This empirical exercise enables a relationship between social isolation and the deterioration of health to be revealed in almost all its facets. Even when considering mental health, for which the association does not persist in the long run, there is still a deterioration occurring two waves after baseline. Moreover, a high correlation at baseline between social isolation and poor mental health could be associated with higher mortality but would not be revealed in our estimates. In other words, if the socially isolated at baseline suffer from more symptoms of depression, even in the absence of further deterioration, poor mental health that remains poor over the follow-up period could also be a channel leading to higher mortality, which should be borne in mind when interpreting the results.

4.2 Health behavior and healthcare utilization outcomes

Apart from the “biological” channel, the literature puts forward health behavior and healthcare utilization as potential pathways from social isolation to worsened health and mortality. In the mortality section, health behavior has already been implied as playing a role in the SI-mortality relationship, whereas healthcare utilization has not. In the present section, we investigate whether there is a specific pattern of the socially isolated in terms of health behavior and healthcare. The same dynamic analysis is applied to the set of health behavior and healthcare utilization variables employed in Section 3. Again, in each regression, the outcome is controlled for at baseline, and hence looking at how social isolation is associated with smoking in later waves is equivalent to studying how it correlates with changes in smoking.
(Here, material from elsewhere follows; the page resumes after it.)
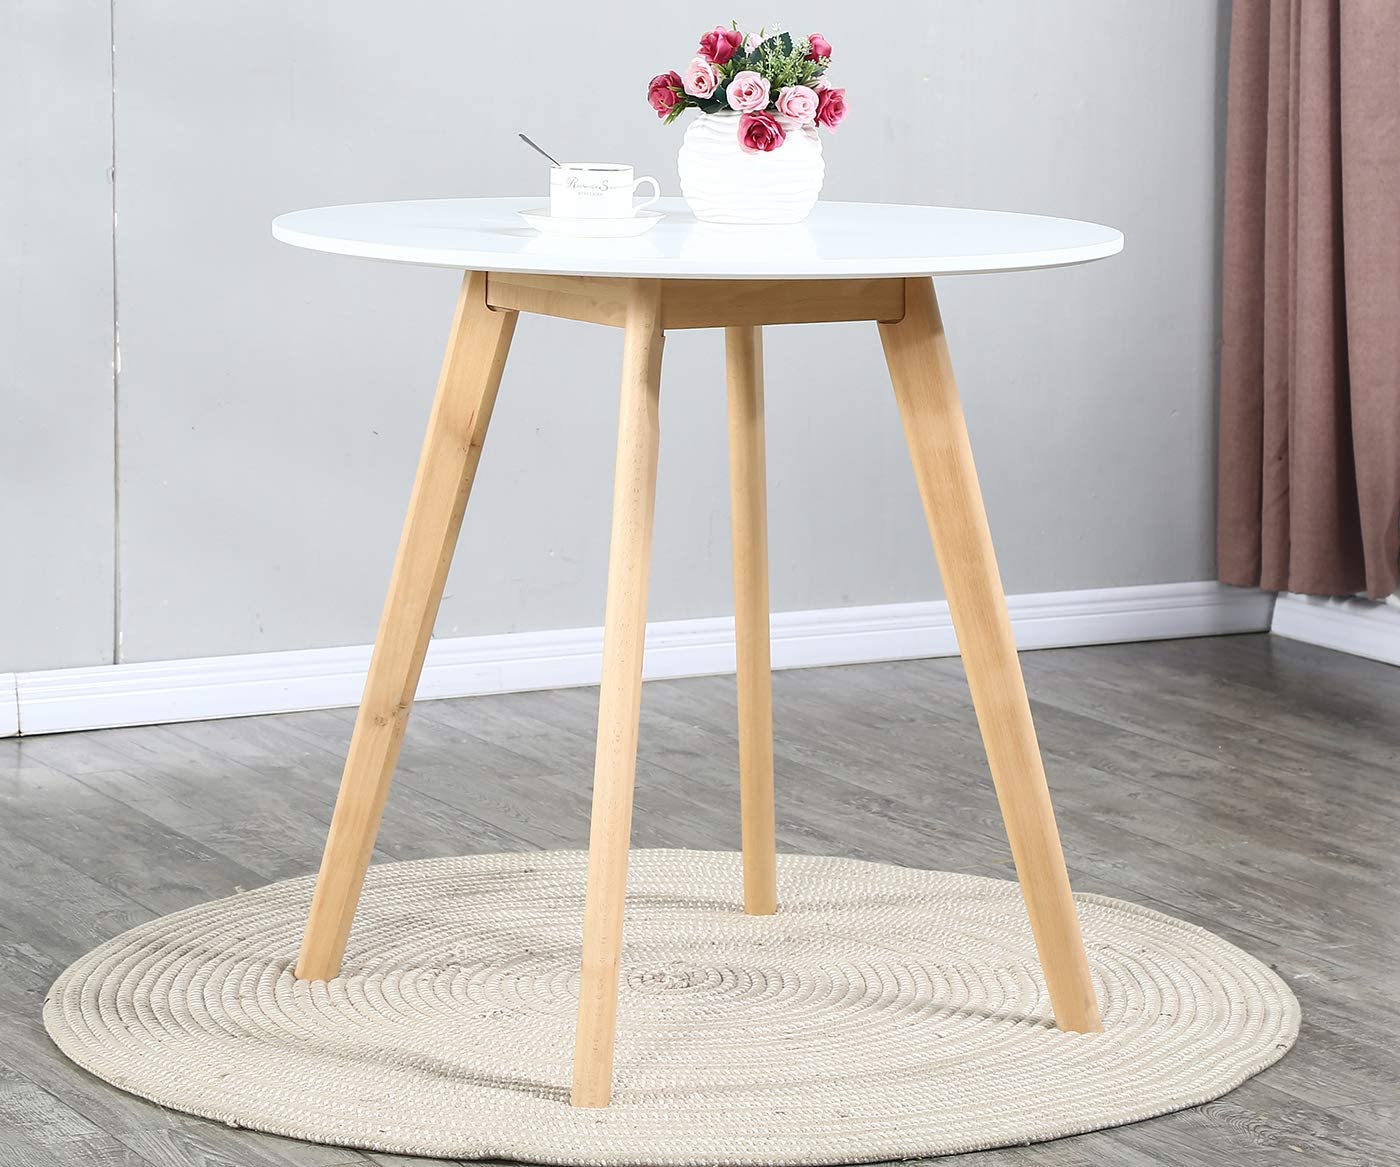 B08R7CV4K8 Modern Round Dining Table 31.2", Small White Wooden Dining Room Table for 2 or 4, Easy Assemble Leisure Coffee Table for Kitchen, Dining Room and Living Room, 31.2" X 29"

As shown in Fig. 3, there is no significant relationship between social isolation and smoking (when controlling for smoking at baseline), except after one and three waves, but the dynamic pattern remains unclear. If anything, social isolation seems to be associated with less drinking. The one important behavior that is increasingly and significantly associated with social isolation over time is that of sedentarism, defined as “hardly ever or never” engaging in vigorous (e.g., sports) or moderate (e.g., gardening, going for a walk) physical activity. Sedentarism may then play a role in how socially isolated individuals become sicker, but it is also reasonable that as individuals get sicker they would engage less in physical activity. Shankar et al. (2011) and Kobayashi and Steptoe (2018) find similar results on inactivity, and a more clear-cut association with smoking and drinking, without controlling for these variables at baseline, and they conclude that loneliness and social isolation may affect health independently through their effects on health behavior. One way to ascertain whether sedentarism is a mechanism per se is to control for the health factor at future waves as well, in addition to at baseline. When doing so, the trend looks the same, but the coefficient is no longer significant, and hence the association between social isolation and sedentarism could also be spurious due to their common correlation with a worsened health status.

Fig. 3
figure 3

Social isolation at baseline and health behavior dynamics. Note: the figures display the coefficients and 95% confidence intervals for the effect of social isolation on different health behavior outcomes. “Time” indexes future waves: 1 is wave \(t+1\), 2 is wave \(t+2\), etc. Regressions are performed separately for each outcome and lag. All regressions include the health and socio-demographic variables displayed in Table 2 and wave (a dummy for which wave is baseline) and country FE, and control for the outcome at baseline

Regarding the relationship between social isolation and healthcare utilization, there are two (or more) possible directions in which social isolation might affect healthcare utilization: (1) since social isolation is associated with worse health (see previous subsection) and higher mortality (see Section 2.2), the socially isolated might use more healthcare; (2) social isolation might make individuals less inclined to use healthcare, as their loved ones “pressure” them less to undergo medical checkups, prompt them less often to seek medical help when needed, and even fail to accompany them to a visit to the doctor.Footnote 10 Our results help to shed light on this discussion: Fig. 4 indicates socially isolated people not using any more or less healthcare than non-socially-isolated individuals. Regardless of whether future health is included as a control or not in the regressions, socially isolated individuals do not use more medicine than the non-socially-isolated, and neither do they visit their physician any more or less. If anything, socially isolated individuals spend more nights at the hospital, after a few waves, but this relationship is weak, both in terms of significance and magnitude.Footnote 11

Fig. 4
figure 4

Social isolation at baseline and healthcare utilization dynamics. Note: the figures display the coefficients and 95% confidence intervals for the effect of social isolation on different healthcare utilization outcomes. “Time” indexes future waves: 1 is wave \(t+1\), 2 is wave \(t+2\), etc. Regressions are performed separately for each outcome and lag. All regressions include the health and socio-demographic variables displayed in Table 2 and wave (a dummy for which wave is baseline) and country FE, and control for the outcome at baseline

How is this “null” result compatible with the two aforementioned directions? First, as mentioned for the case of health behavior, any baseline correlation between social isolation and healthcare utilization levels is already factored in the baseline controls. Second, mechanisms (1) and (2) could theoretically cancel each other out. The fact that no positive effect of SI on healthcare utilization can be found due to health deterioration (i.e., direction (1)) is striking and consistent with mechanism (2) being a potential channel.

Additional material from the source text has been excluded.